Please make an exact copy of the listing, without the pictures.

SOURCE DATA ▸
════════
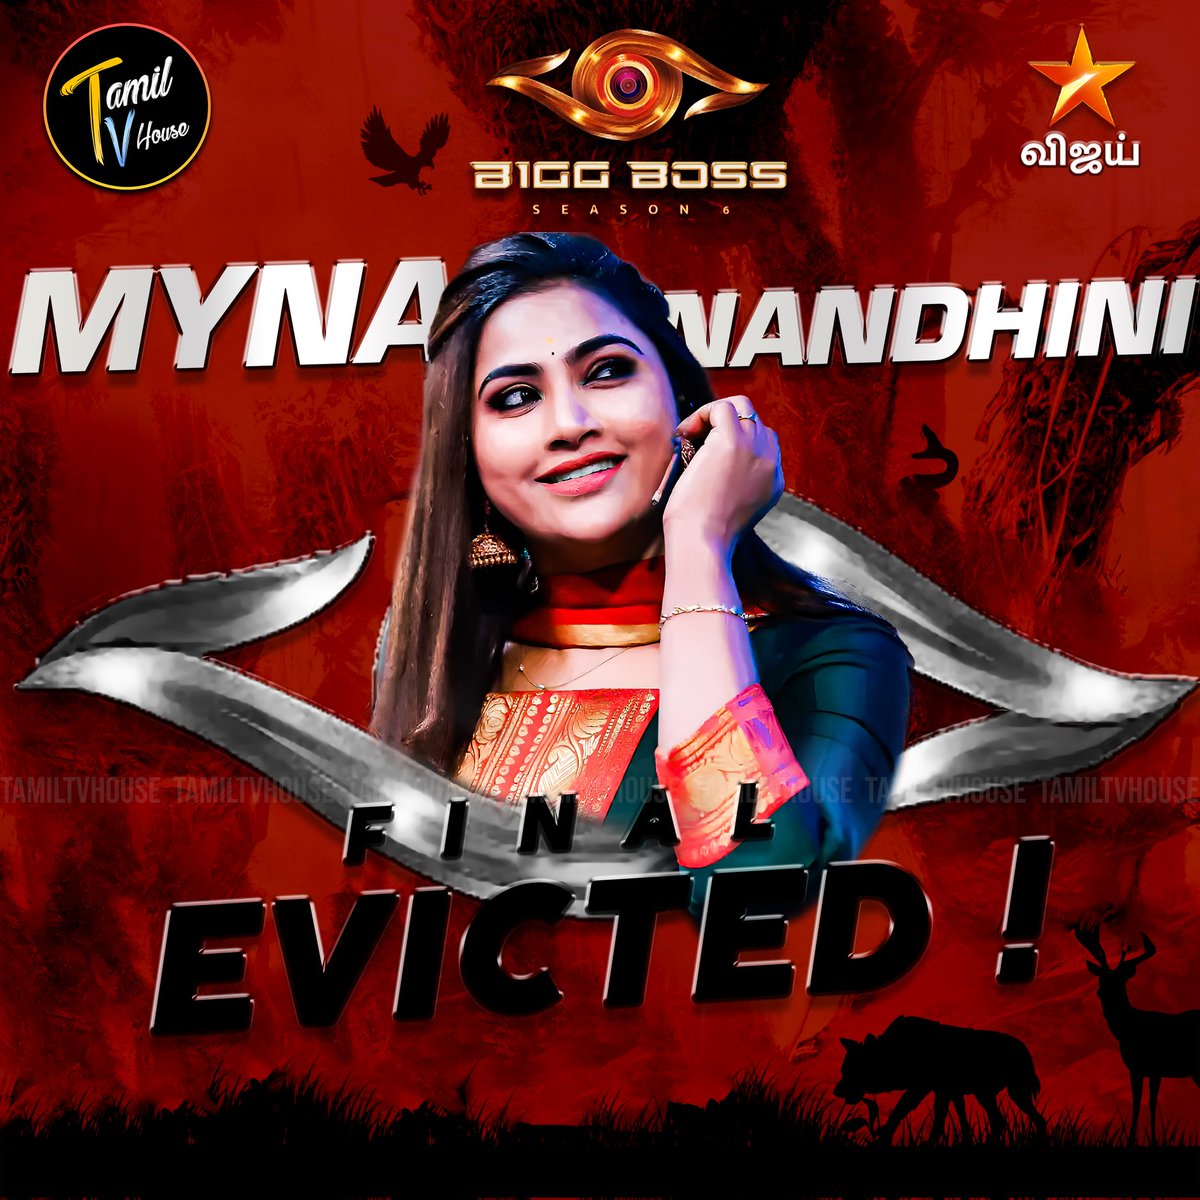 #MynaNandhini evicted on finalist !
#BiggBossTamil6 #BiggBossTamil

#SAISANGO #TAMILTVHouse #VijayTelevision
════════
ANSWER BELOW ▸
 #MynaNandhini evicted on finalist !
#BiggBossTamil6 #BiggBossTamil

#SAISANGO #TAMILTVHouse #VijayTelevision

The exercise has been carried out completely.